For applications that use Azure VMs, the following infrastructure-as-a-service (IaaS) architecture includes Azure Monitor to monitor the performance and health of the VMs that run the application.

Diagram of Azure architecture for IaaS applications that use VMs.


When building a cloud-native distributed microservices architecture, teams can use the following Azure services to build an effective logging, tracing, and monitoring solution. Teams can view near real-time metrics and gain insight into application health through Application Insights.

Event Hubs

Azure Event Hubs is a fully managed, real-time ingestion service that can stream large volumes of events per second. As such, Event Hubs is the perfect candidate for a central log ingestion pipeline. Event Hubs can send event messages to Azure Data Lake or Azure Blob Storage to use for later analysis.

Blob Storage

Azure Blob Storage is a cloud scalable storage layer for storing unstructured text or binary object data. Event Hubs can store events as Avro files within Blob Storage. Azure Log Analytics can then query the log data for insights.

Azure Data Lake Storage

Azure Data Lake Storage is built on Azure Blob Storage. Data Lake Storage is a cloud scalable storage repository that can store data in any format for long periods of time. Developers can then query the objects stored within the Data Lake for investigation.

Azure Stream Analytics

Azure Stream Analytics is a real-time, serverless analytics engine designed for critical machine workloads. Stream Analytics can process event messages that meet critical indicators.

Logic Apps

Azure Logic Apps is a serverless cloud service that lets developers schedule and orchestrate common task workflows with a visual designer. The power of Logic Apps is the connectors that integrate with a number of first and third-party services with little or no code.

Azure Monitor

Azure Monitor is a service that maximizes availability and performance by collecting, analyzing, and acting on telemetry from cloud-native applications. With Azure Monitor, teams can create operational dashboards that detect issues and alert teams of critical situations.

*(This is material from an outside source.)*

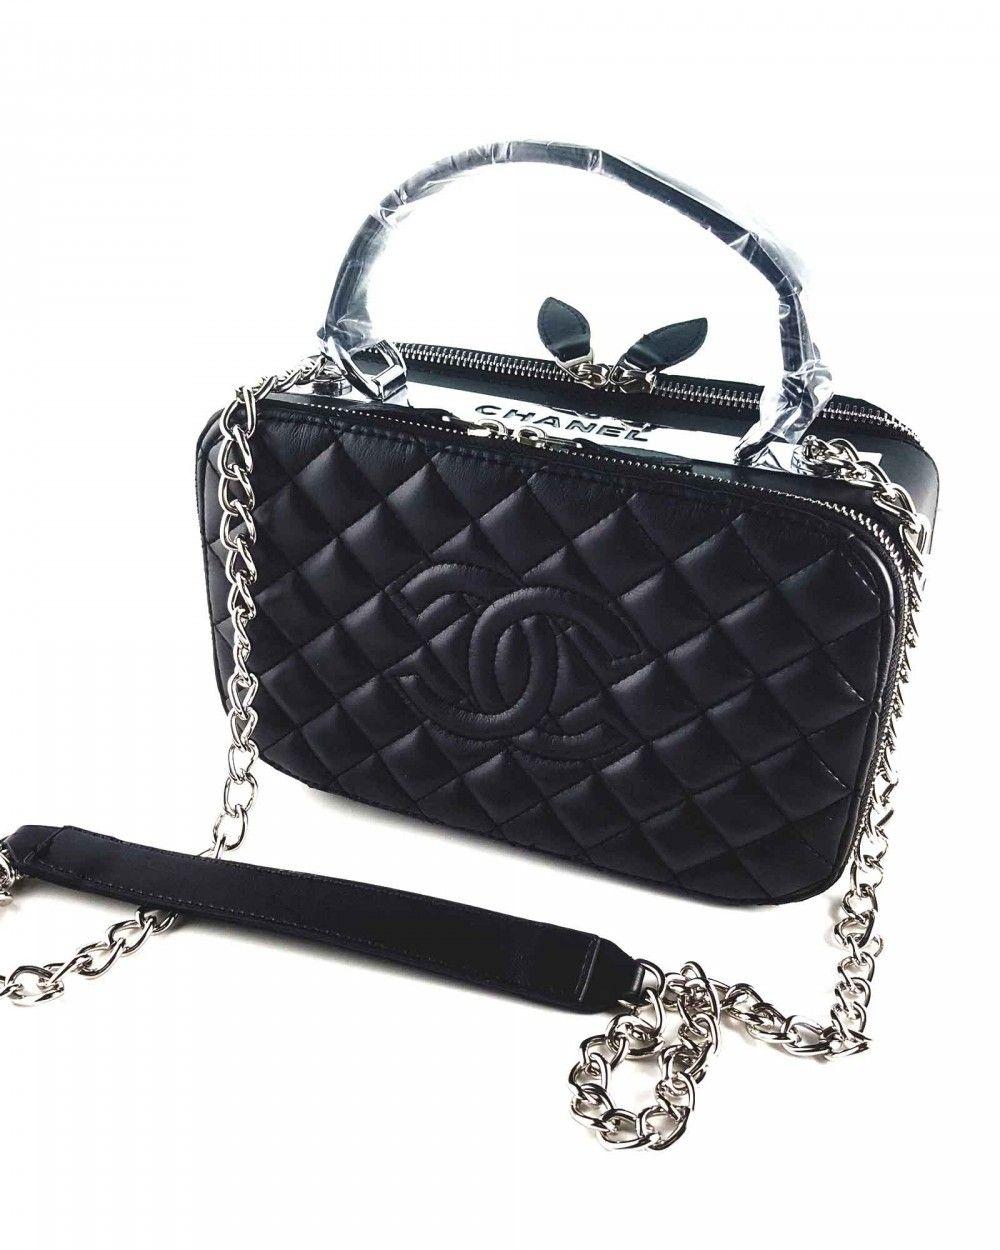 Chanel Baklava Desen Kutu Zincir Aski Canta Siyah Chanel Canta Capraz Canta

If the team uses an ITSM system, Logic Apps can call the REST endpoint of the system and create an issue with the appropriate severity level. This process provides quick notification to all relevant teams and ensures that triaging is immediate and useful. For more information, see Stream Analytics and Azure Logic Apps.

Application Insights

Application Insights, a feature of Azure Monitor, is an extensible Application Performance Management (APM) service for developers and DevOps teams. Application Insights can monitor live services, detect anomalies in performance and analytics tools, diagnose and trace problems, and query log data. You can use Application Insights to do distributed tracing through the Application Insights SDK. You can also use Application Insights from within Visual Studio.

Microsoft Sentinel

Microsoft Sentinel is a Security Information and Event Management (SIEM) and Security Orchestration, Automation, and Response (SOAR) service. Sentinel provides a unified overview of the cloud estate through native integration of Azure services. Sentinel can collect information from the cloud as well as from downstream dependent systems in customers' data centers.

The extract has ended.